Closed AndyTheFactory closed 9 months ago
Comment by codelucas Wed Feb 4 11:42:03 2015
@monday0rsunday good catch!
I just ran:
>>> from newspaper import Article
>>> url = 'http://dantri.com.vn/xa-hoi/tphcm-thu-hoi-nha-cua-ong-tran-van-truyen-1002764.htm'
>>> a = Article(url, language='vi')
>>> a.download()
>>> a.parse()
>>> print a.text
Về lý do thu hồi, theo UBND TP, việc giải ...
>>> a.nlp()
>>> a.keywords
[u'nh', u'c', u'b', u'cn', u'truyn', u'bn', u'ca', u'trn', u'l', u'vn', u'cho', u's', u'hi', u'tp', u'v', u'tphcm']
So it appears that the nlp(..)
code is killing all the proper markup in the vietnamese and turning it into ascii.
Comment by codelucas Wed Feb 4 11:46:12 2015
OK, after a bit more digging the exact line where the stripping happens is here: https://github.com/codelucas/newspaper/blob/master/newspaper/nlp.py#L95
Comment by codelucas Wed Feb 4 11:57:56 2015
After commenting out that line of code your problems are fixed, but I'm going to have to look into how it affects other examples because that line may be important to the NLP algorithm.
Comment by Brandl Tue Mar 24 14:05:13 2015
This problem also appears to happen in german text with umlaut:
print(artikel.keywords)
[..., u'erzhlen', ...']
The actual word is most likely "erzählen"...
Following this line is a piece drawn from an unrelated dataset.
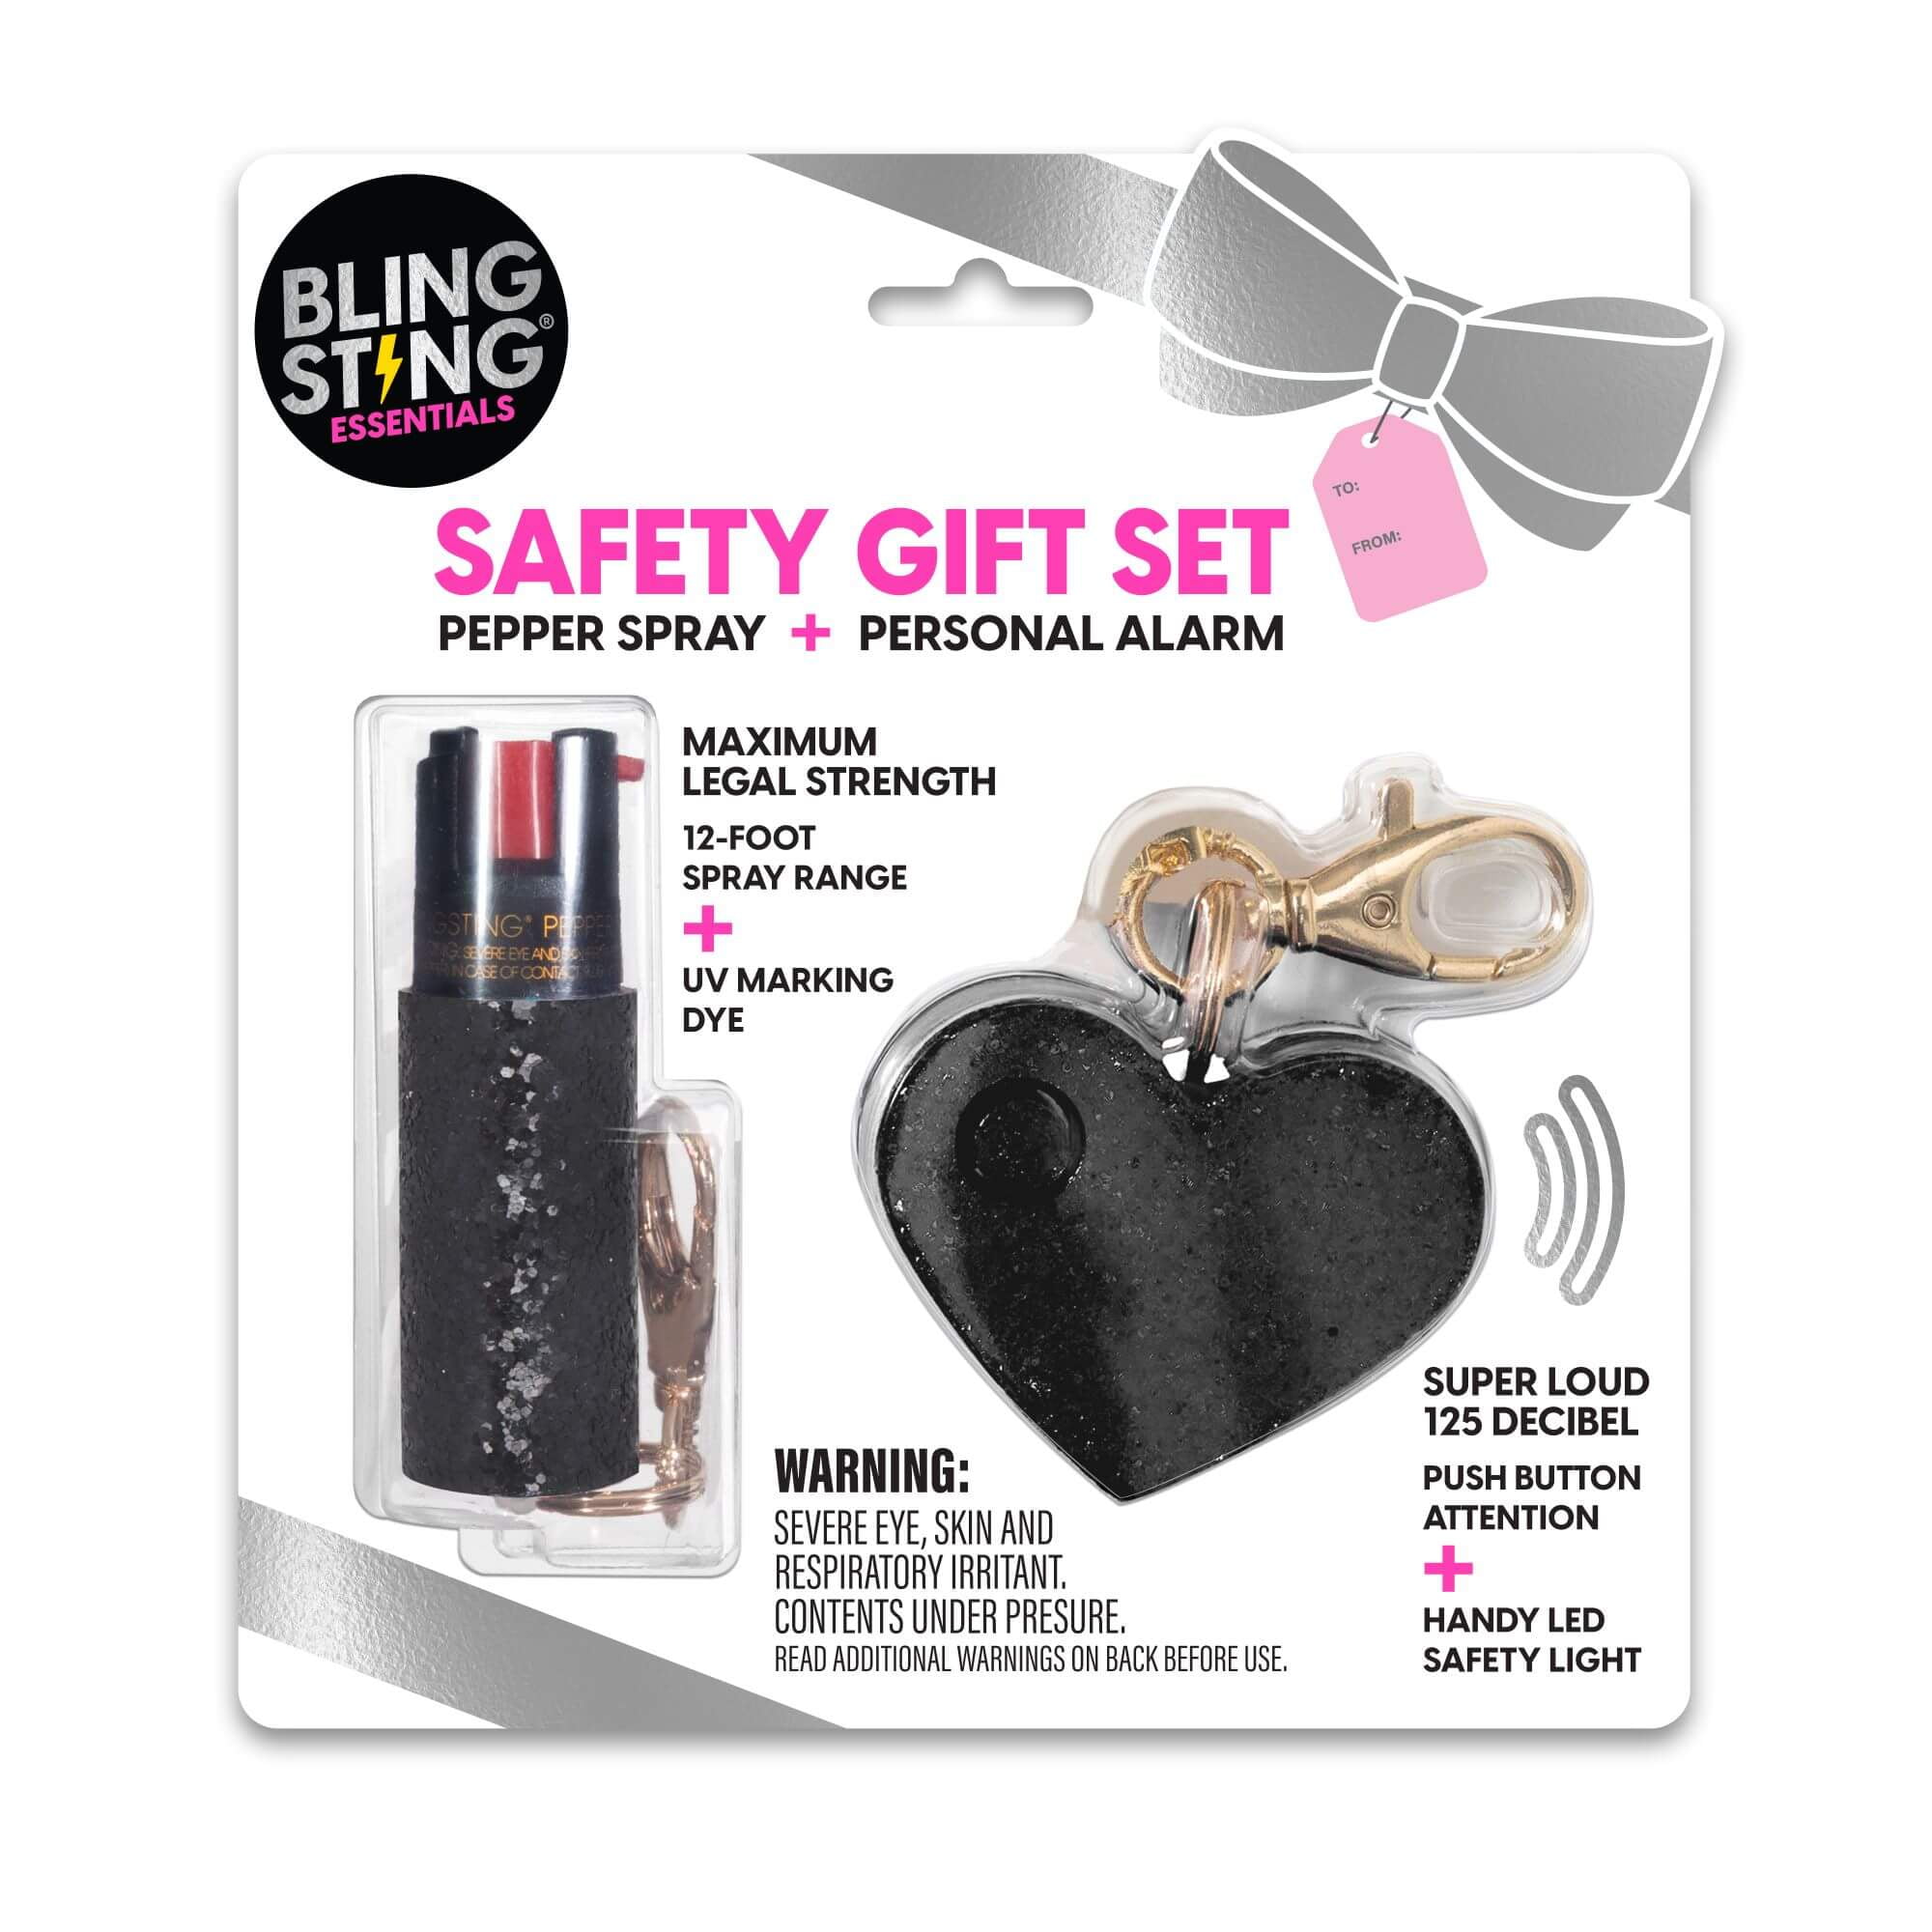 BLINGSTING Essentials Personal Gift Set with Pepper Spray & Safety
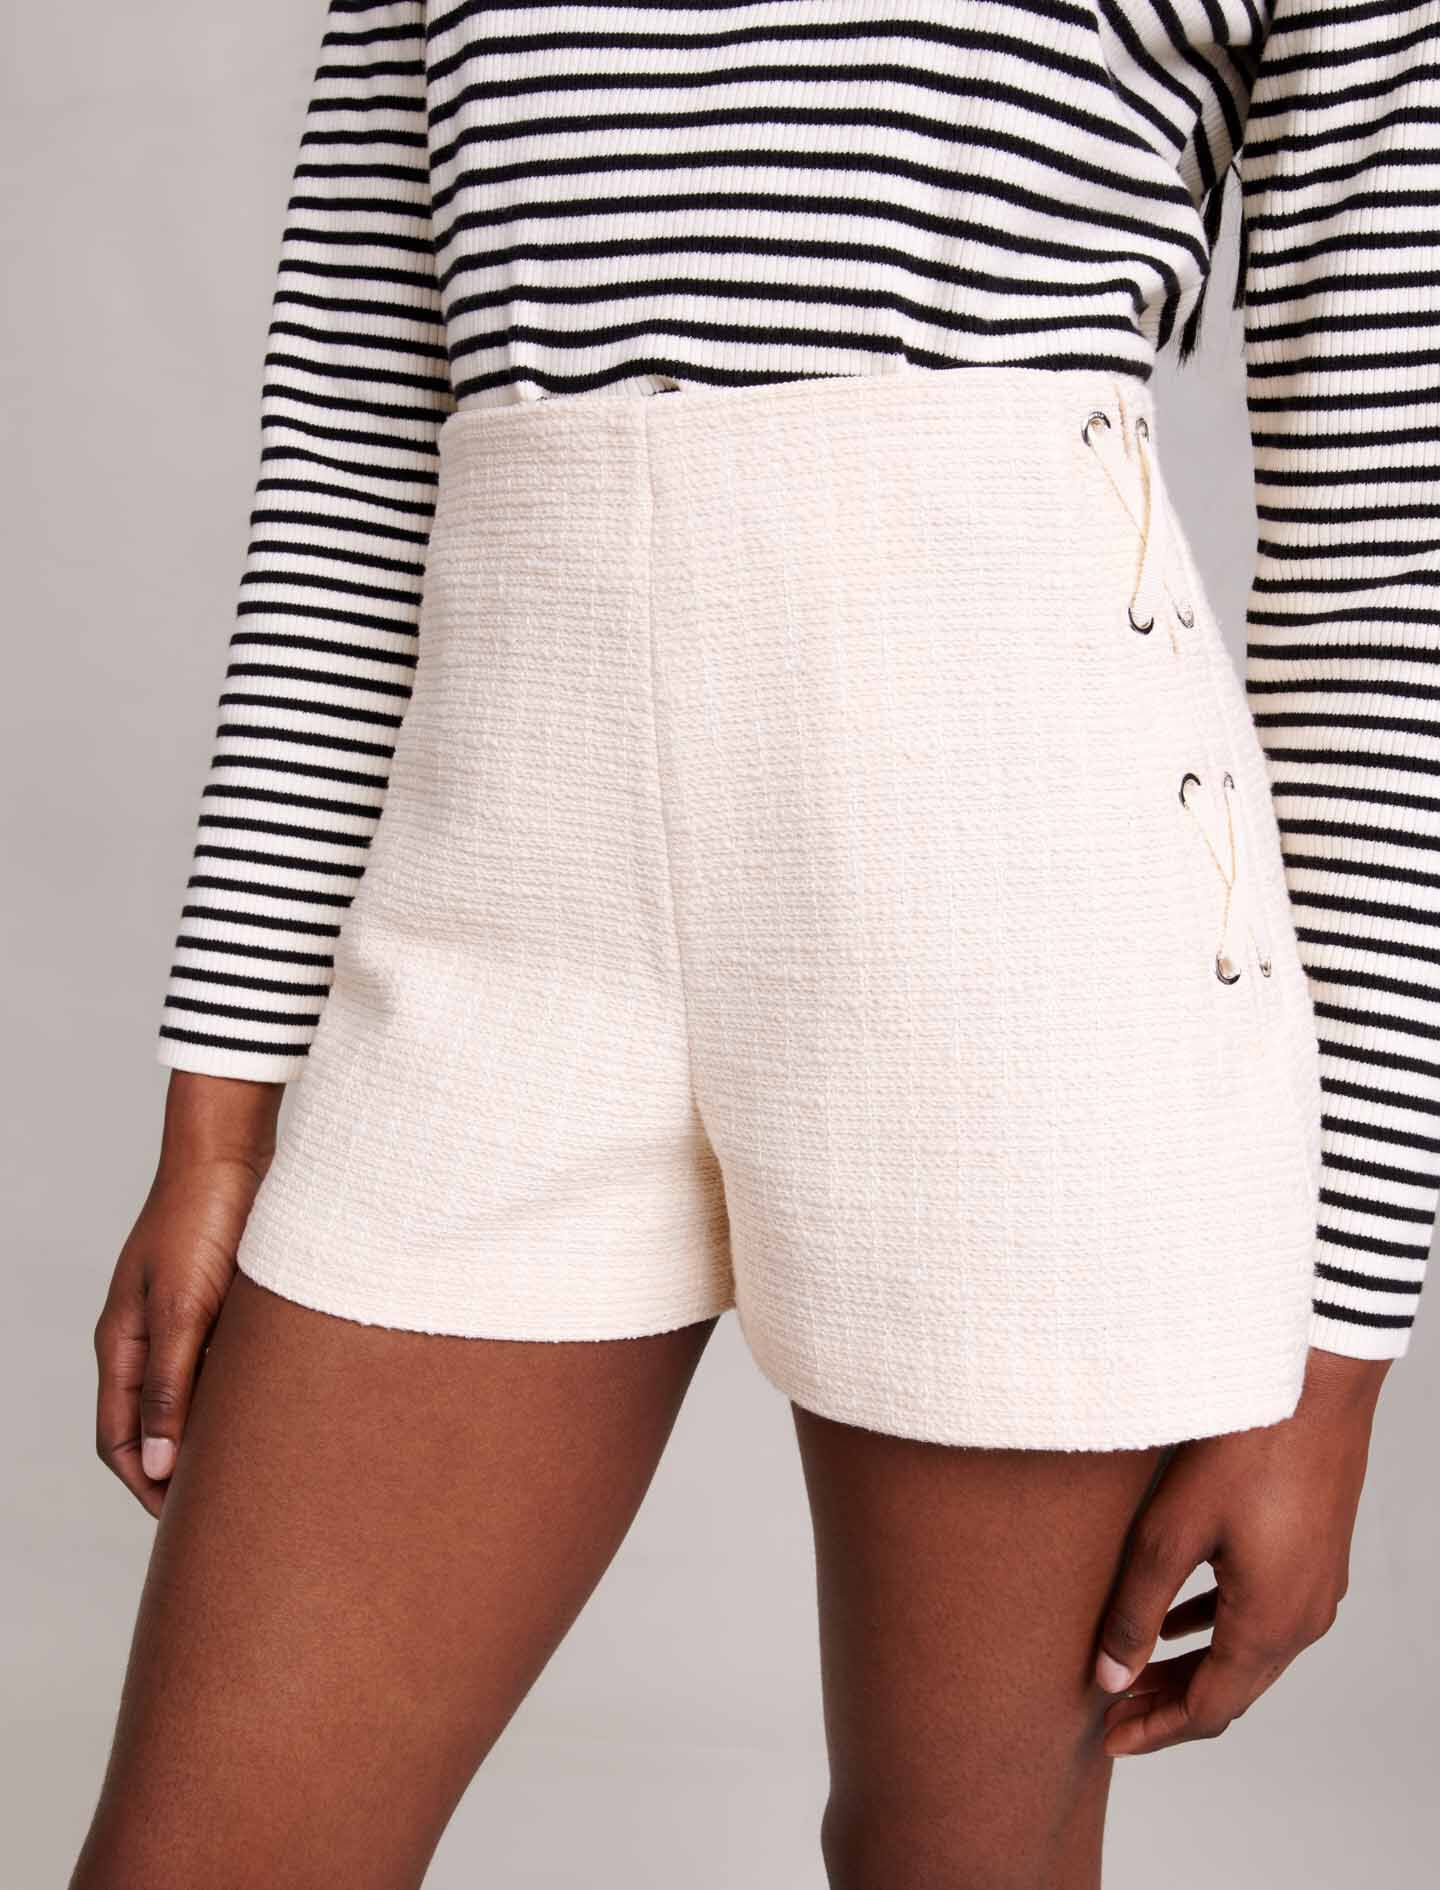 123IVILENO A-line shorts in tweed - Skirts & Shorts - Maje.com

Issue by monday0rsunday Fri Dec 5 07:09:24 2014 Originally opened as https://github.com/codelucas/newspaper/issues/93
I try to use newspaper for vietnam's news, everything seem good but keyword extraction. For example, with http://dantri.com.vn/xa-hoi/tphcm-thu-hoi-nha-cua-ong-tran-van-truyen-1002764.htm , extracted keywords are: "s, nh, bn, v, vn, truyn, c, cho, tp, b, cn, trn, hi, tphcm, ca, l", but "s", "nh", "bn", "v", "vn", "truyn", etc. are meaningless words. I think that HTML entity is the root of the problem, for example, vietnamese word 'truyền' --> html string 'truyền' --> the correct keyword is 'truyền', but the software extract 'truyn'.